Microsoft, qui a dépensé d'énormes sommes en acquisitions de studios de jeux, comme l'achat d'Activision pour 75 milliards de dollars, est confronté à des problèmes similaires en matière d'économie matérielle. Les analystes estiment que la société américaine pourrait être plus motivée que Sony à devenir le roi de toutes les plateformes.
« L’état actuel du marché des consoles n’est peut-être pas une publicité en soi pour que le Japon retrouve son élan.

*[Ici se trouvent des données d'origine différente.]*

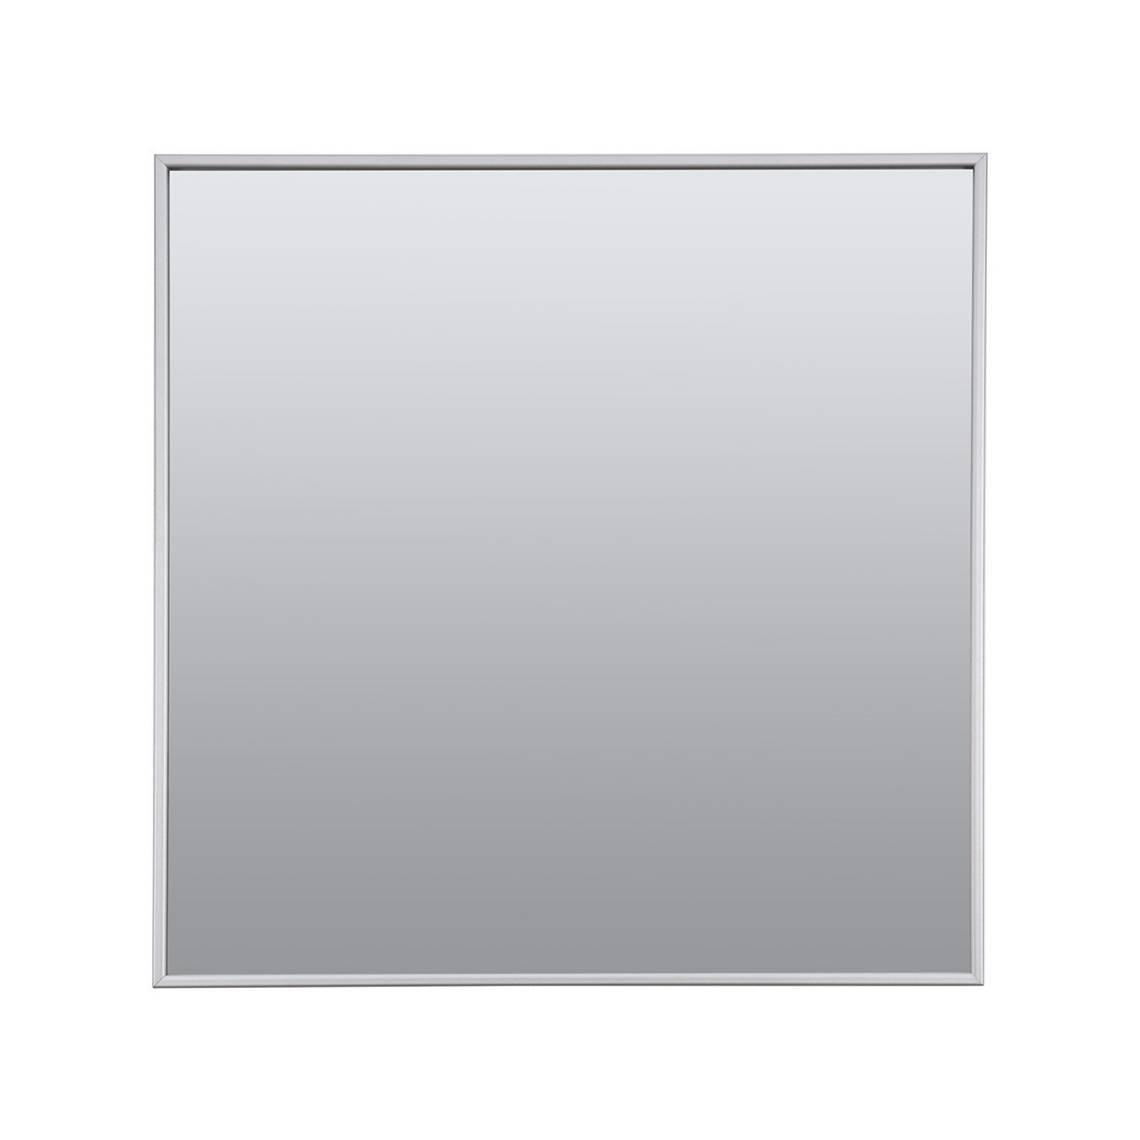 Horm Ute Minimal Designer Spiegel Design Möbel
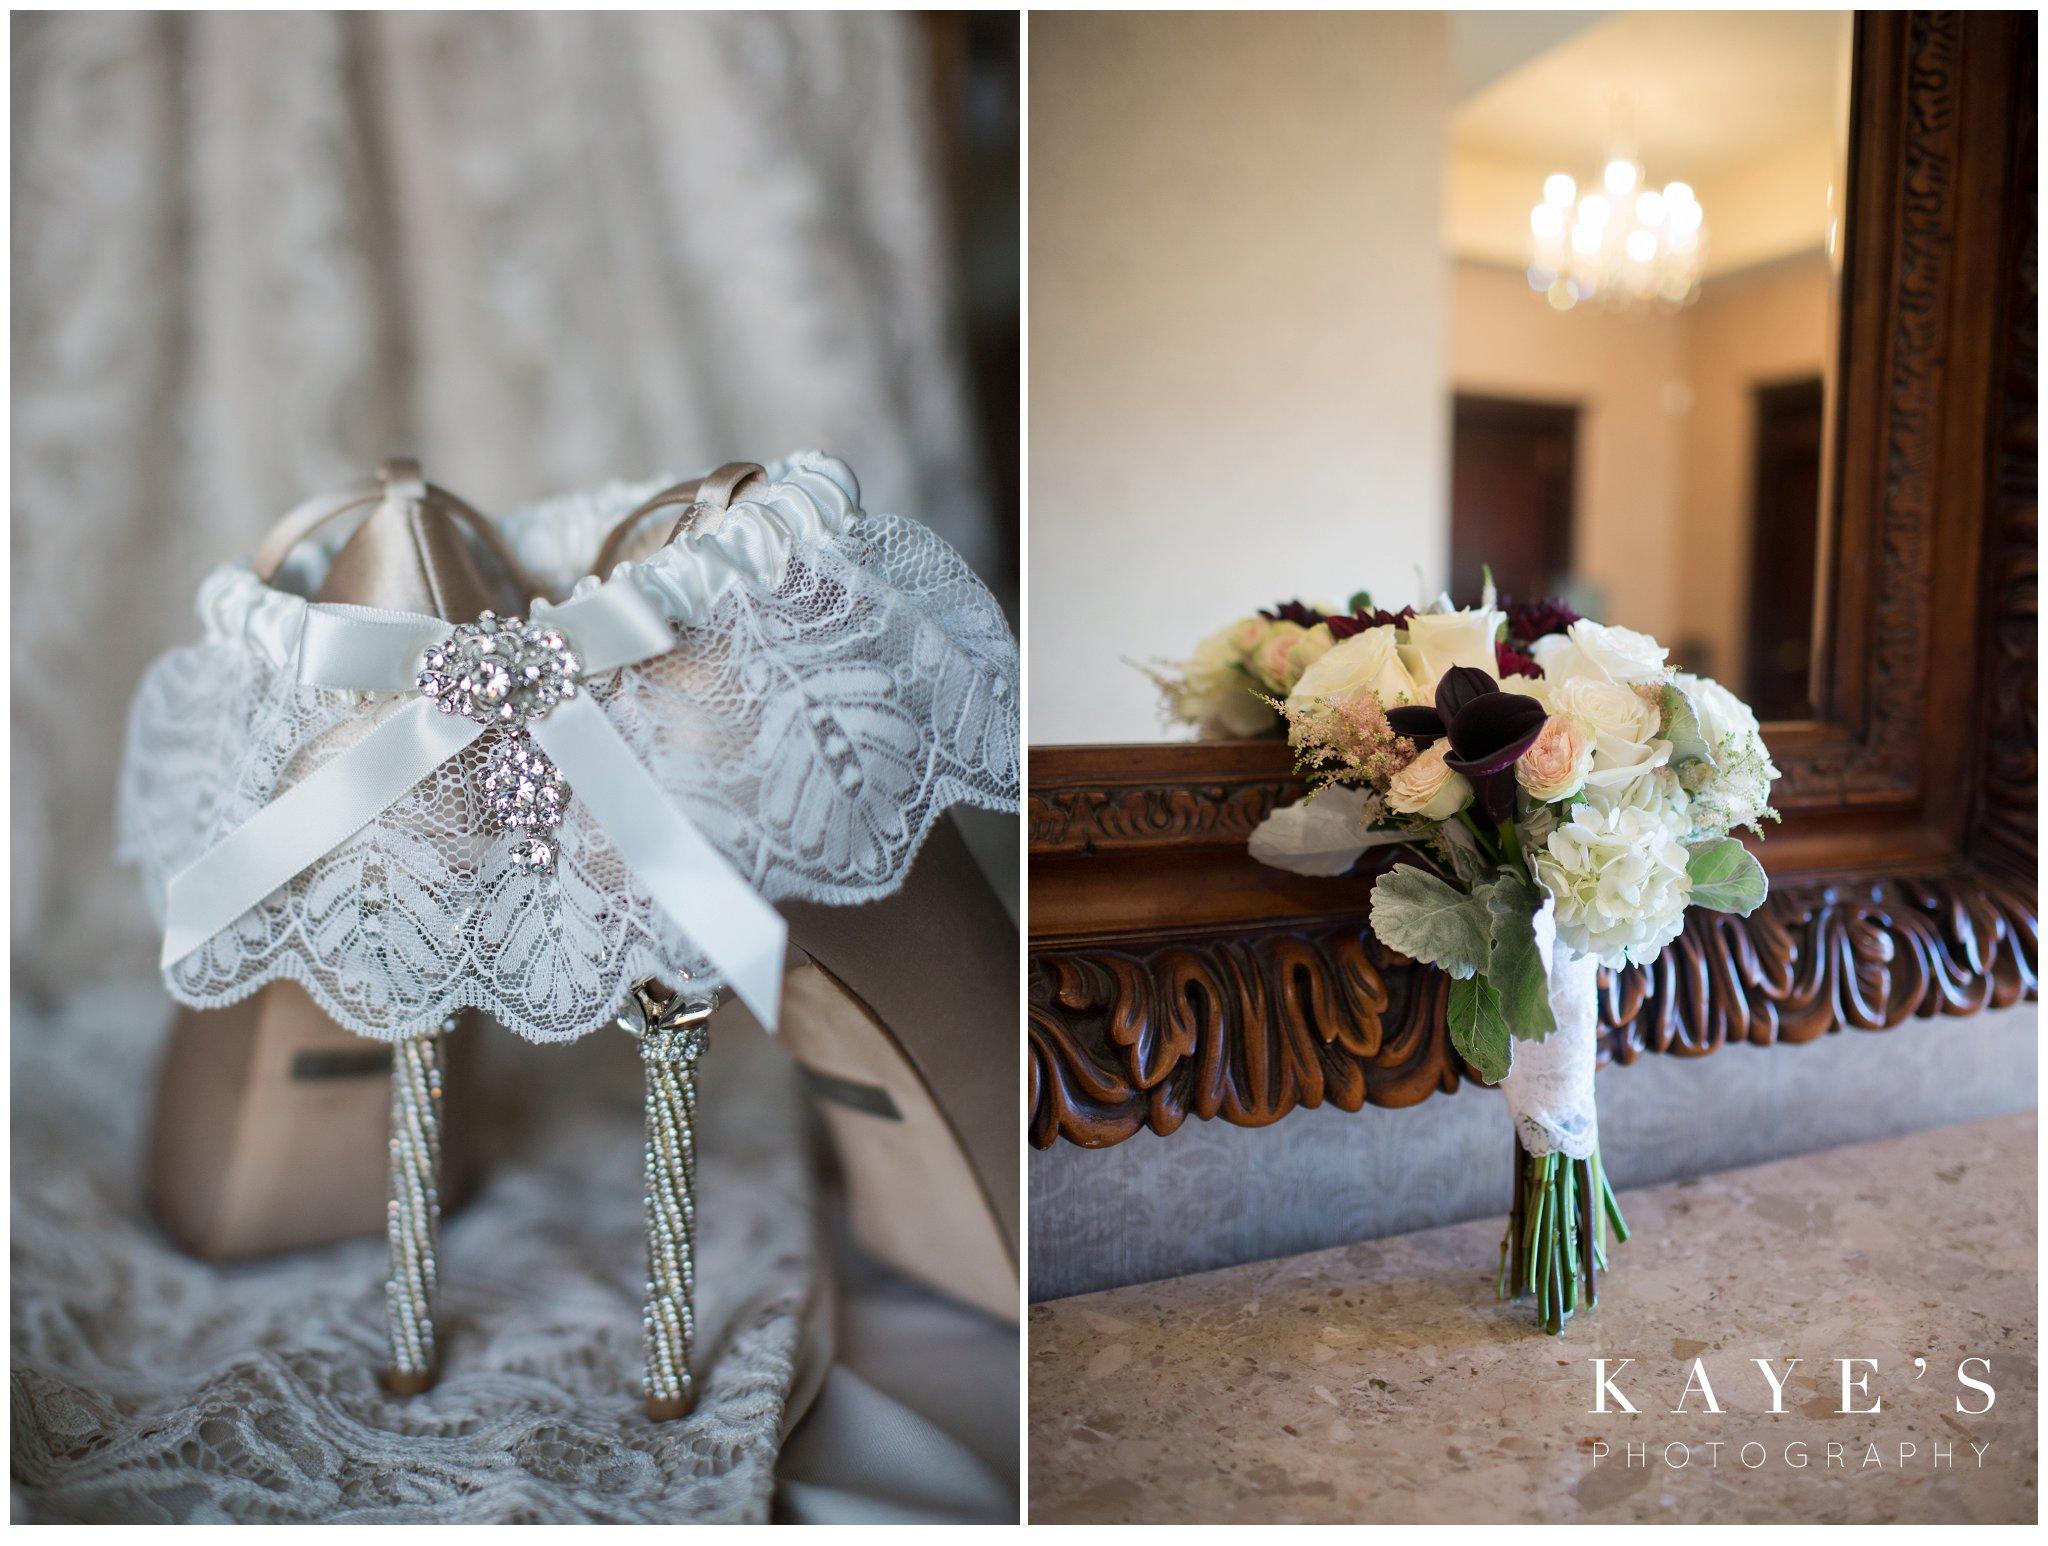 Kayes Photography- howell-michigan-wedding-photographer_0635.jpg

On a plutôt l’impression que ces trois entreprises très idiosyncratiques se portent bien ou pas pour des raisons idiosyncratiques », a déclaré Robin Zhu, analyste de jeux chez Bernstein.
Il est possible que la nouvelle orientation de Microsoft soit une situation « gagnant, gagnant, gagnant », selon Atul Goyal de Jefferies, en raison de la situation différente dans laquelle se trouve chaque entreprise.
Microsoft, a-t-il déclaré, pourrait augmenter ses revenus en proposant ses jeux sur différentes plates-formes, tandis que Nintendo et Sony seraient confrontés à une « concurrence moins intense » et bénéficieraient d'un choix plus large de titres pour leurs clients.
Mais, comme l'a dit Zhu, un facteur qui pourrait empêcher Microsoft de tuer complètement la Xbox est le même facteur qui maintiendra Sony et Nintendo sur le marché : la fidélité farouche des joueurs.
« La préoccupation [Microsoft] ce que vous aurez, c'est que vous avez déjà convaincu vos clients d'acheter le matériel ; en leur disant que les jeux Xbox seront sur toutes les autres plateformes, vous risquez de perturber votre engagement le plus élevé et vos clients les plus dogmatiques », a-t-il déclaré.
© 2024 Le Financial Times Ltd.. Tous droits réservés Ne pas être redistribué, copié ou modifié de quelque manière que ce soit.